Kangaspunta spoke to USINFO at the 16th session of the United Nations Commission on Crime Prevention and Criminal Justice, being held in Vienna, Austria, through April 27.
RELIABLE DATA ARE HARD TO FIND
Dealing with the problem of human trafficking depends on accurate information – a difficult commodity to find, she said.
Kangaspunta said the National Institute of Justice, the research arm of the U.S. Department of Justice, recently surveyed some 24,000 articles on human trafficking and found them wanting because of poor methodology in conducting the studies.
It took Kangaspunta’s own unit three years to conduct its first study, released in 2006, on human trafficking –Trafficking in Persons: Global Patterns -- which relied on open sources.
“Some countries could not provide us with data,” she said of the first study. “But it is also valuable information to know that they do not have the data. We can offer technical assistance to these countries.”
The UNODC’s Anti-Human Trafficking Unit is planning to undertake another study on countries that supply, receive or transit trafficking victims, this time with greater input from official sources, she said.
“Identification of victims is very important or we cannot help them,” Kangaspunta said. “At the same time, we must be able to identify traffickers, otherwise we cannot convict them.”
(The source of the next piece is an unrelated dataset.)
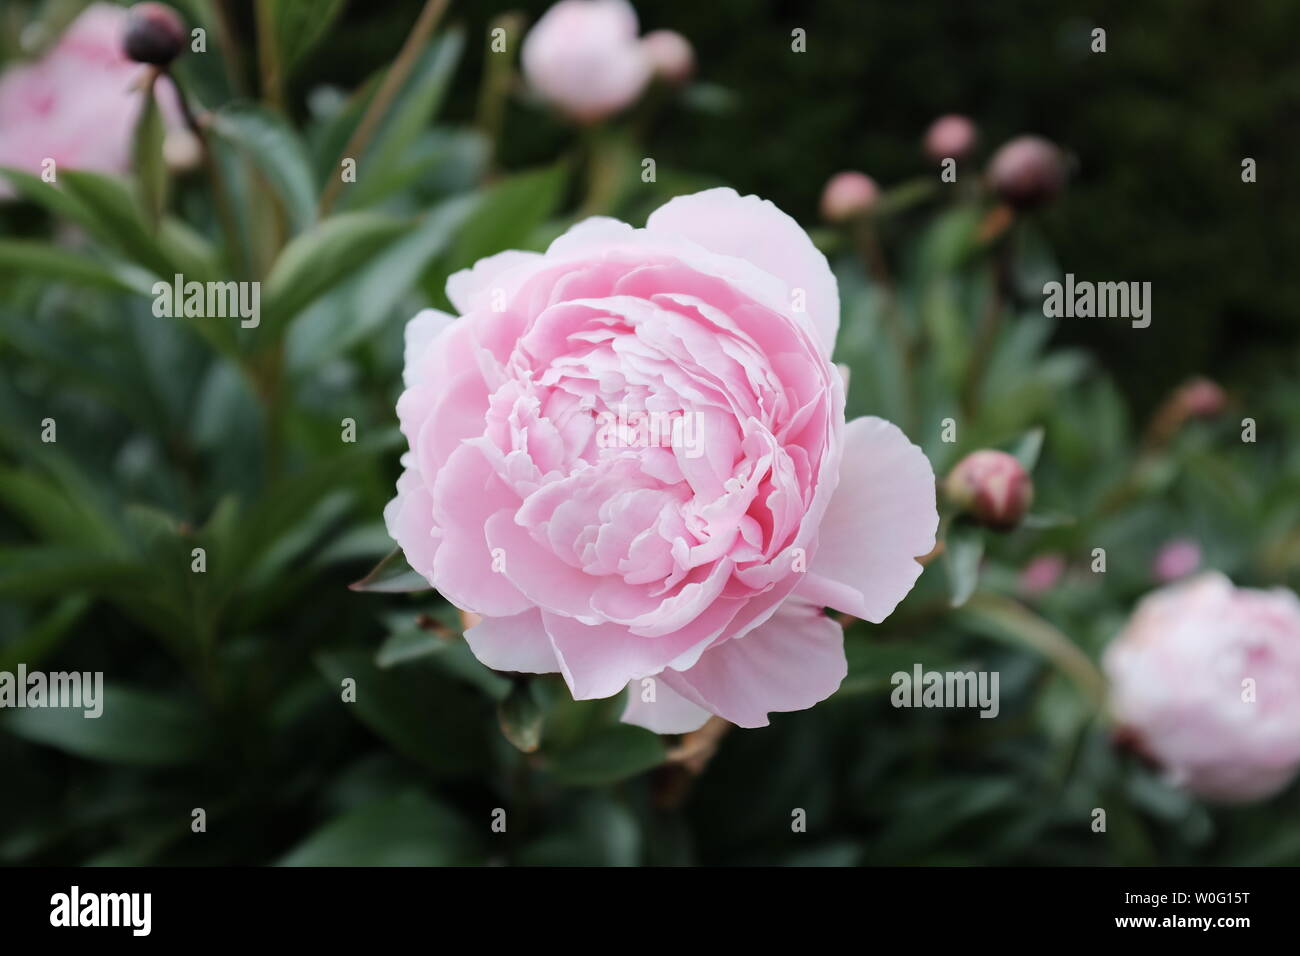 Incredibile rosa peonia fiore in fiore su un bel giorno d'estate. Foto Stock
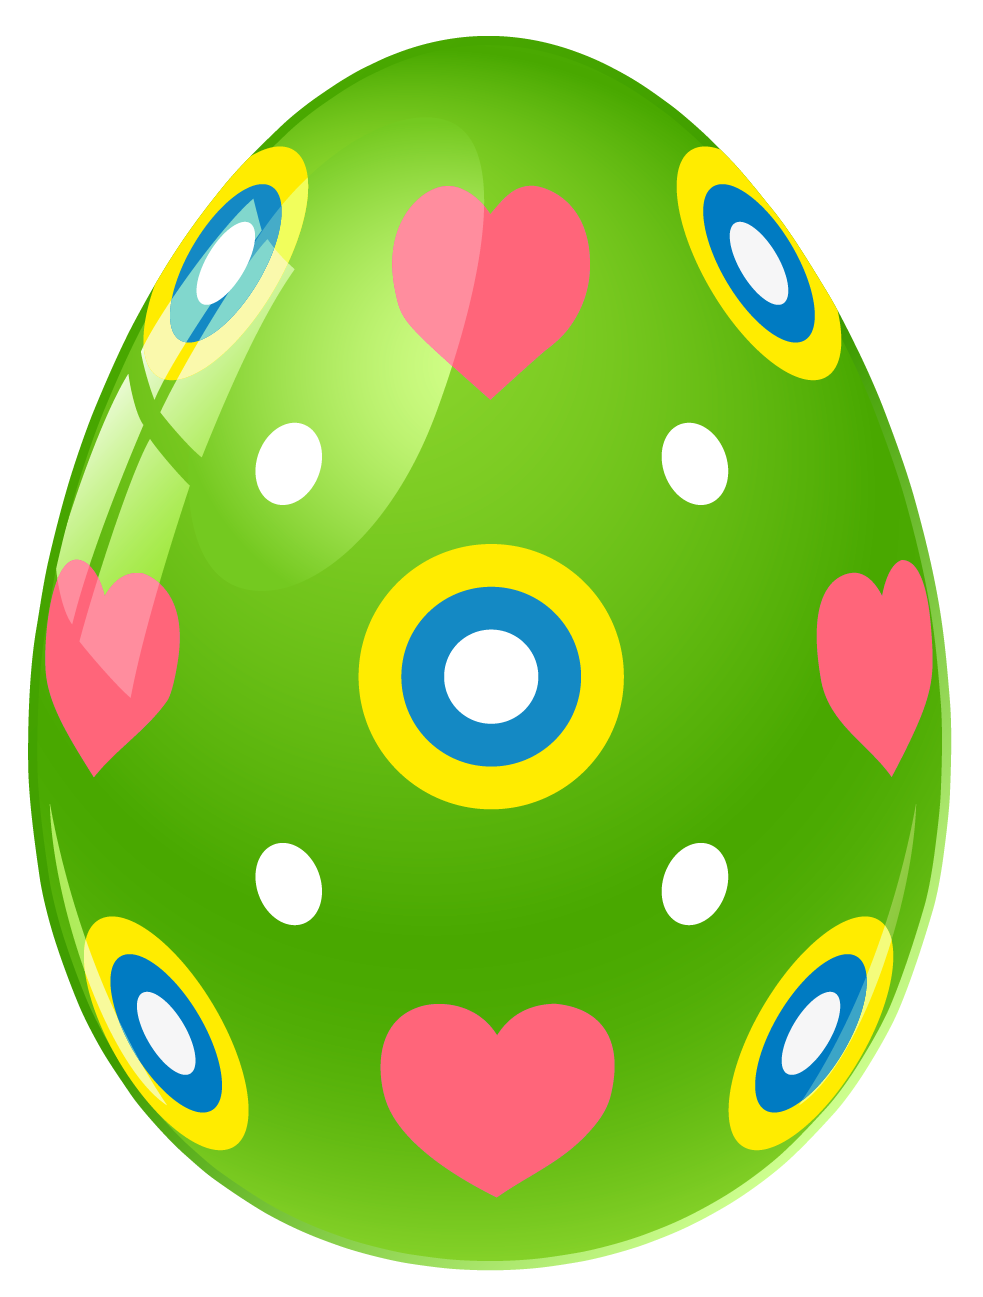 Clip Art Of Easter Eggs

“One of the main questions we have is, ‘Why are there so few convictions?’ Everywhere in the world,” she said, “there are very few convictions. And of course it is a training question; it is also a question of the identification of victims, identification of cases and identification of criminals.” Existing laws, she observed, need to be enforced more strongly.
She added: “We do not have very much knowledge about it, but it seems to be that corruption is playing a large role. We’re trying to develop tools for more understanding of the link between trafficking and corruption.”